On July 1, 2024, researchers identified a critical security vulnerability in OpenSSH's server (sshd) running on glibc-based Linux systems. This vulnerability, assigned the CVE identifier CVE-2024-6387 (also known as regreSSHion), enables remote unauthenticated code execution (RCE) as the root user. By exploiting a signal handler race condition in sshd, attackers can gain unauthorized access and execute malicious code, posing a significant security risk. CVE-2024-6387 affects the default configuration of sshd, making it crucial to address promptly. 

In addition, on July 8, 2024, another OpenSSH vulnerability, similar to CVE-2024-6387, was disclosed and identified as CVE-2024-6409. The vulnerability CVE-2024-6409 arises when an SSH client fails to authenticate within the LoginGraceTime (default: 120 seconds), triggering sshd's SIGALRM handler and invoking non async-signal-safe functions.

Both of these vulnerabilities affect the default configuration of sshd, making them crucial to address promptly.

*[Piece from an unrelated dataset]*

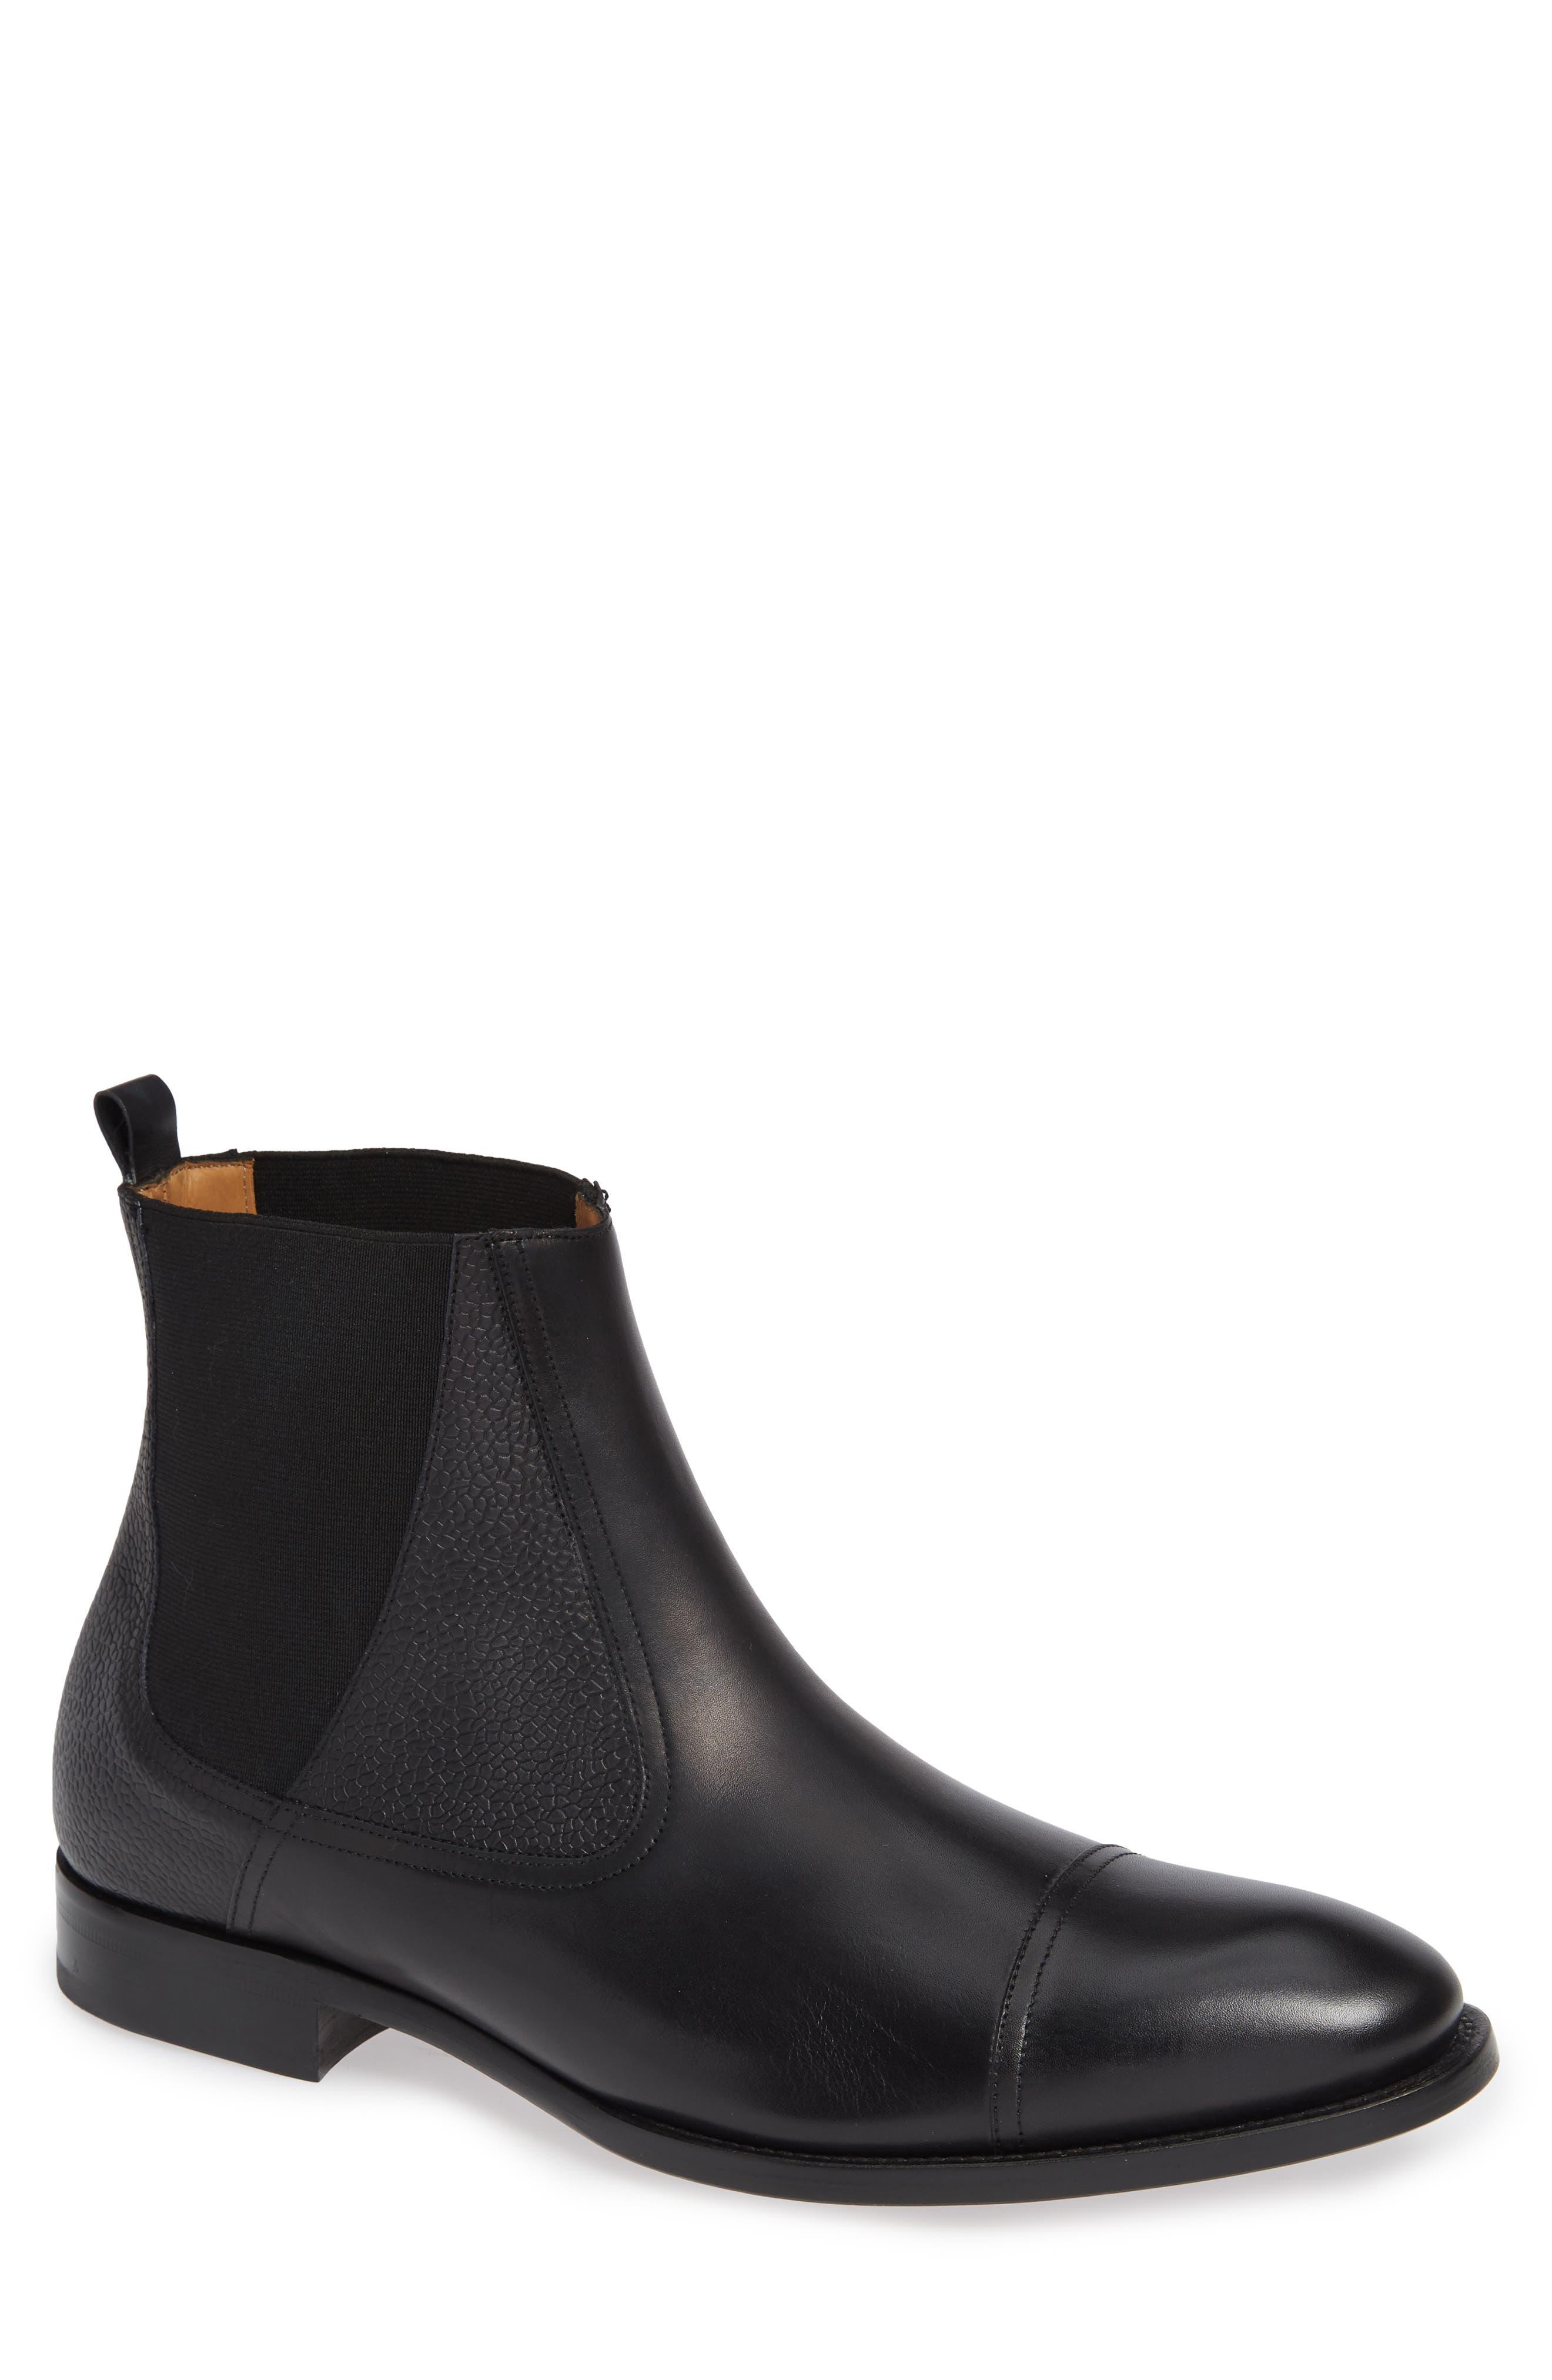 Higgins Cap Toe Chelsea Boot, Main, color, BLACK LEATHER
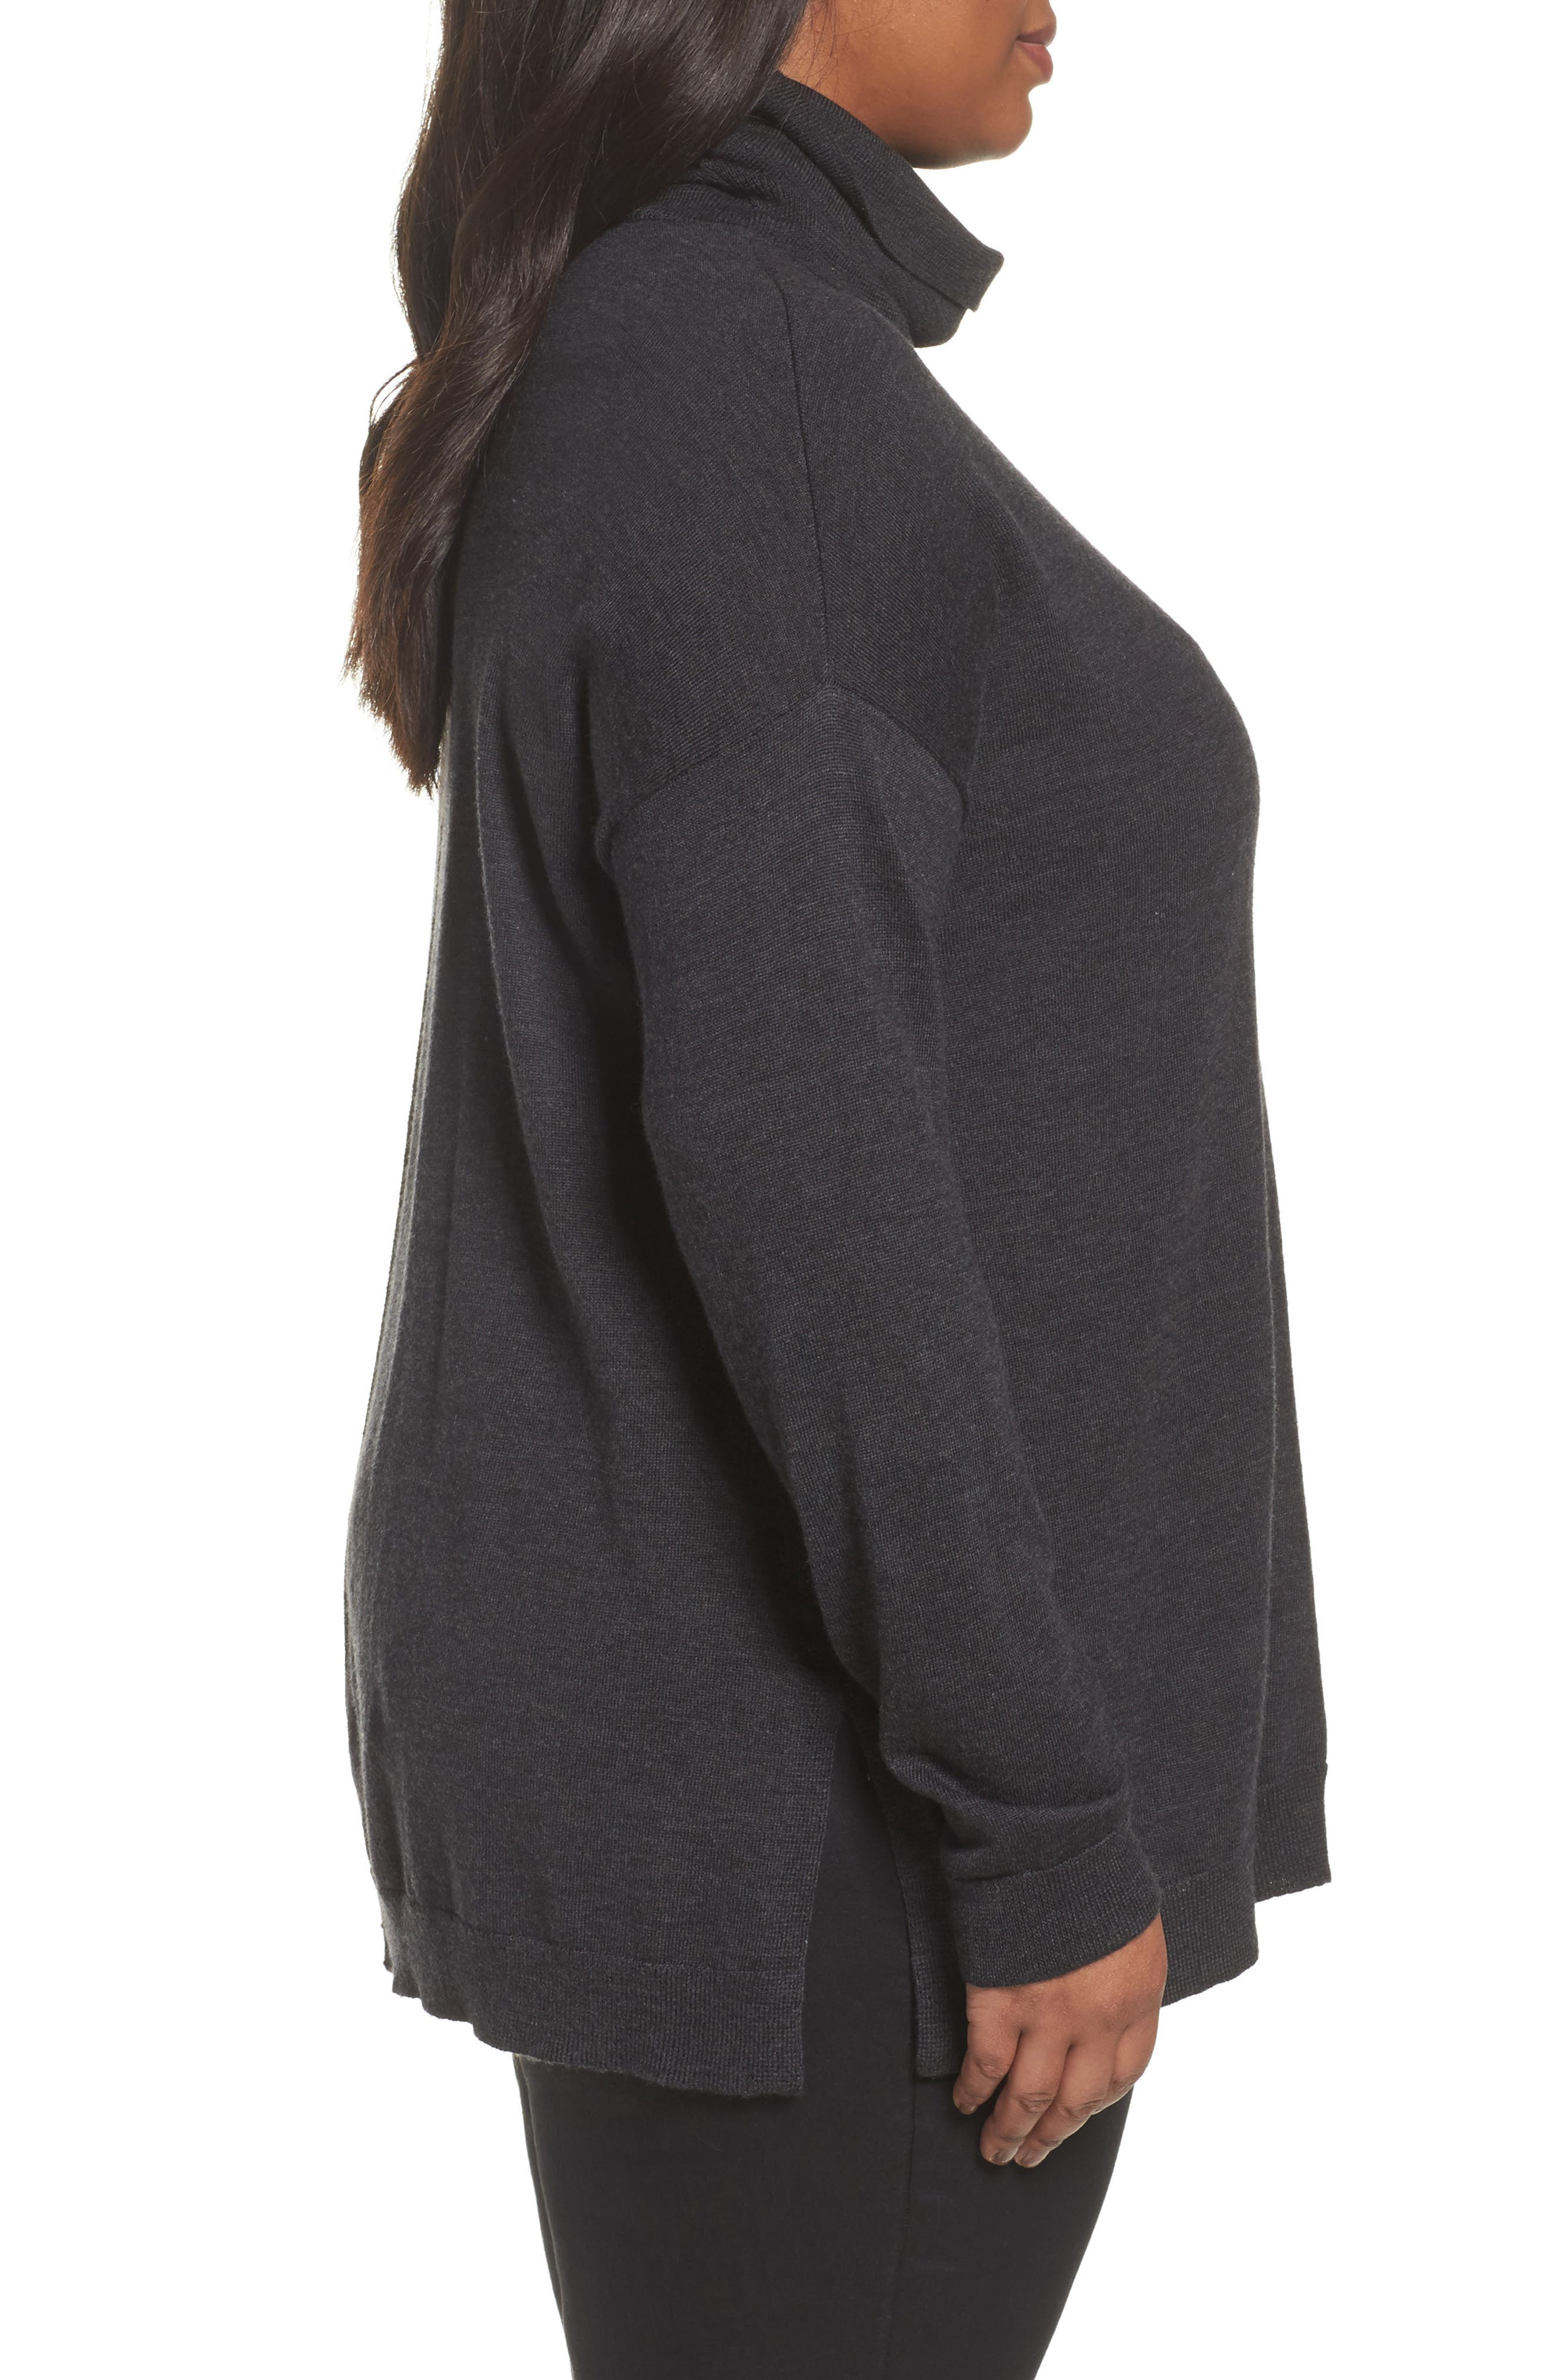 Alternate Image 3  - Eileen Fisher Merino Wool Turtleneck Sweater (Plus Size)

This blog covers the details surrounding CVE-2024-6387 and CVE-2024-6409.

Recommendations

  • Upgrade versions: Zscaler ThreatLabz strongly advises users of OpenSSH to promptly upgrade to version 9.8, as this version contains crucial fixes to mitigate CVE-2024-6387.
  • Set LoginGraceTime to 0: CVE-2024-6387 specifically targets the default configuration of sshd. If updating sshd is not feasible, a potential workaround is to modify the config file by setting the LoginGraceTime value to 0. While this adjustment may expose the sshd server to a denial of service risk, it helps mitigate the risk of remote code execution.
  • Reduce the attack surface: Restrict access by using network-based controls to minimize the attack risks.

Background

OpenSSH is a popular tool for remote access using the SSH protocol, offering secure tunneling, authentication methods, and flexible configuration options. OpenSSH is widely used for managing remote servers, file transfers, and secure communication.

CVE-2024-6387 is a vulnerability that reemerged due to a regression from CVE-2006-5051. Unfortunately, a patch originally applied for CVE-2006-5051 was inadvertently removed during a code change made in October 2020. This regression led to the reintroduction of the vulnerability.

Attack Chain

The figure below depicts the attack sequence an attacker would use to exploit CVE-2024-6387.

Figure 1: A diagram showing how attackers exploit sshd's signal handler race condition by crafting malloc() and free() sequences, manipulating heap memory layout, and executing remote code with a malicious request containing arbitrary bytes and shellcode.

Figure 1: A diagram showing how attackers exploit sshd's signal handler race condition by crafting malloc() and free() sequences, manipulating heap memory layout, and executing remote code with a malicious request containing arbitrary bytes and shellcode.

How It Works

Unix systems utilize SIGALRM as an interrupt during program execution, which is handled by the SIGALRM handler code. However, if non async-signal-safe functions are used within this handler, it can lead to an inconsistent state that attackers can exploit.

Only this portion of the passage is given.